Thank you so much! These photos made my day! Loved them! It was as if I was there!


----------



## hollydolly (Dec 21, 2021)

Thank you everyone for enjoying them, you're very welcome....   

..and a few more... if you can bear it.. incidentally these pics were taken over a couple of Christmases  , so taken at different times of the day..


----------



## hollydolly (Dec 21, 2021)




----------



## hollydolly (Dec 21, 2021)




----------



## RadishRose (Dec 21, 2021)

hollydolly said:


> More later....


I well remember these Holly..... how could I forget and it was wonderful to see them again, thank you!!!!


----------



## hollydolly (Dec 21, 2021)

RadishRose said:


> I well remember these Holly..... how could I forget and it was wonderful to see them again, thank you!!!!


yes I knew you would remember them RR .. thanks for looking at them again...


----------



## CinnamonSugar (Dec 21, 2021)

Beautiful!  Lots of love and attention to detail


----------



## feywon (Dec 21, 2021)

Thank you.  I had never seen ones as impressive as these before.


----------



## hollydolly (Dec 21, 2021)

feywon said:


> Thank you.  I had never seen ones as impressive as these before.


yes, thank you...  they are very impressive much more so in real life of course...


----------



## Alligatorob (Dec 21, 2021)

Great pictures, thanks!


----------



## ohioboy (Dec 21, 2021)

Holly, I visited here once, amazingly beautiful.

https://www.pilgrim-info.com/ave-maria-grotto/


----------



## hollydolly (Dec 21, 2021)

ohioboy said:


> Holly, I visited here once, amazingly beautiful.
> 
> https://www.pilgrim-info.com/ave-maria-grotto/


yes that looks lovely too.. I've never been to Jerusalem


----------



## RubyK (Dec 21, 2021)

The pictures are so pretty.
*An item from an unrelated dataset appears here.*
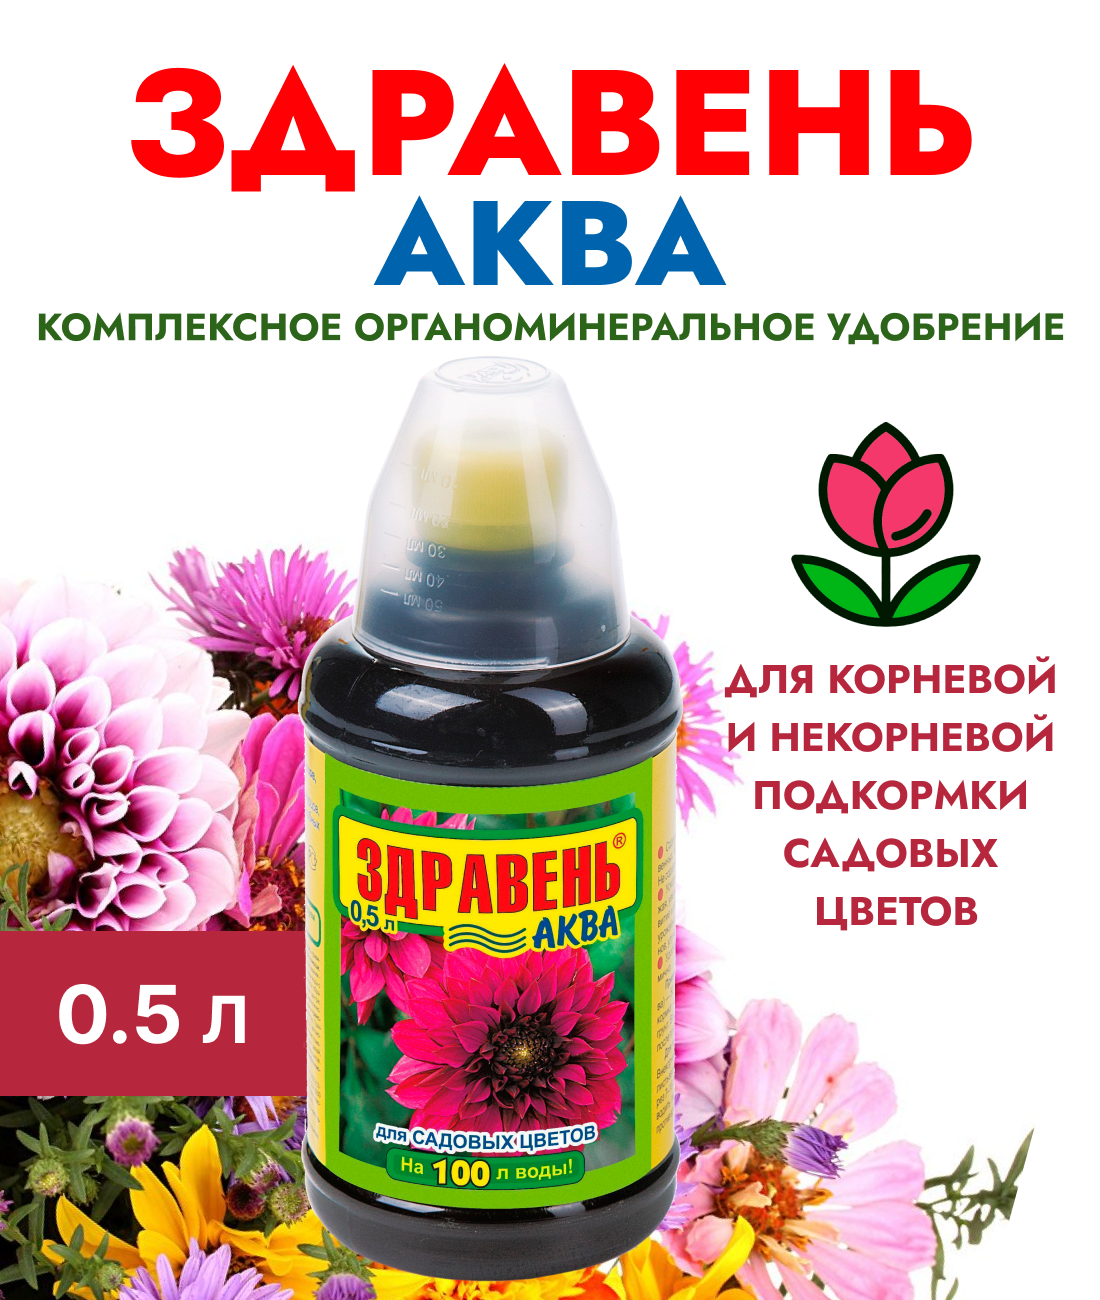 Удобрение Здравень Аква садовые цветы, с мерным стаканчиком 0,5 л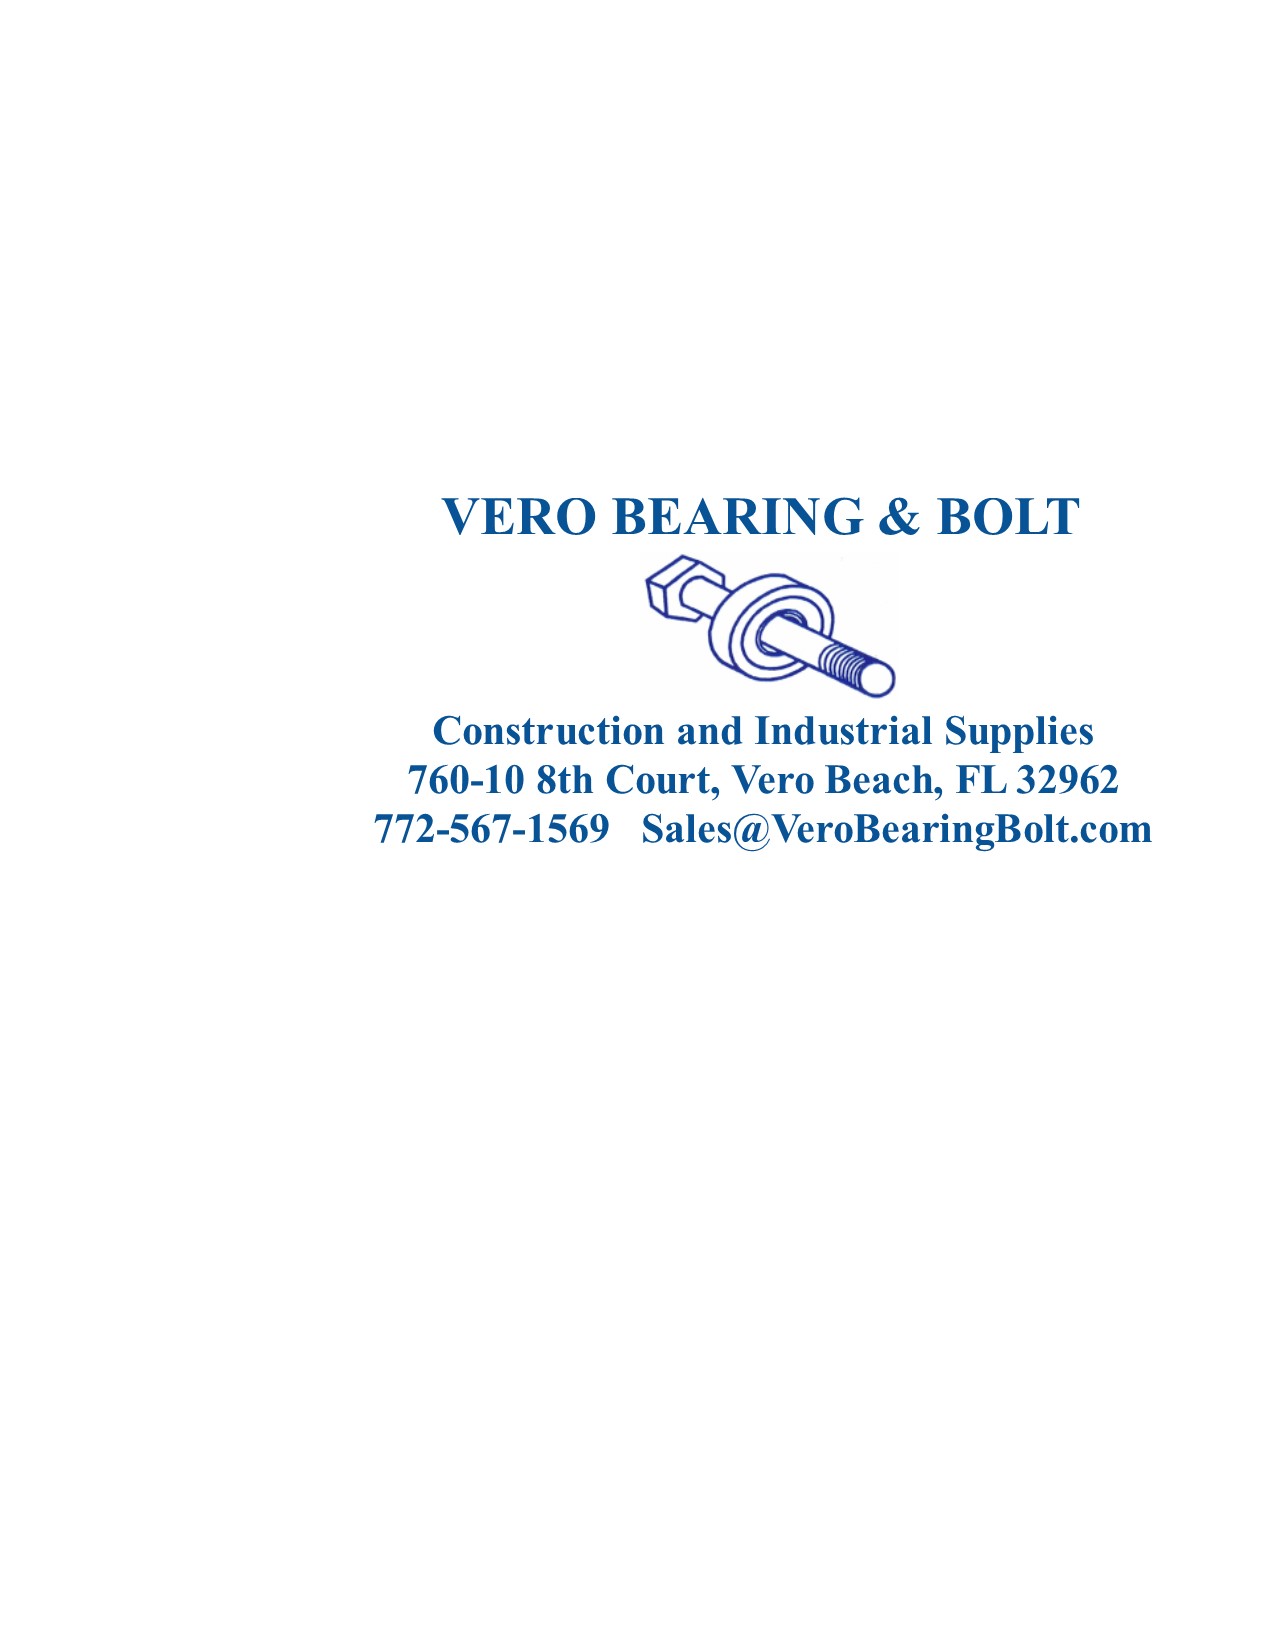 Vero Bearing and Bolt

How small are the people in those scenes compared to regular human size? Is there any music while one views the tableaus?


----------



## hollydolly (Dec 21, 2021)

RubyK said:


> The pictures are so pretty. How small are the people in those scenes compared to regular human size? Is there any music while one views the tableaus?


yes there's music.. orchestral, Spanish Navidad ......... the figures in the model are about 10 -12 inches high


----------



## Senenity (Dec 21, 2021)

Such a beautiful  depiction of the 
nativity scene as well as life in the era of Christ. Thanks for sharing, Holly.


----------



## hollydolly (Dec 21, 2021)

Senenity said:


> Such a beautiful  depiction of the
> nativity scene as well as life in the era of Christ. Thanks for sharing, Holly.


you're more than welcome, thanks for taking the time to look...


----------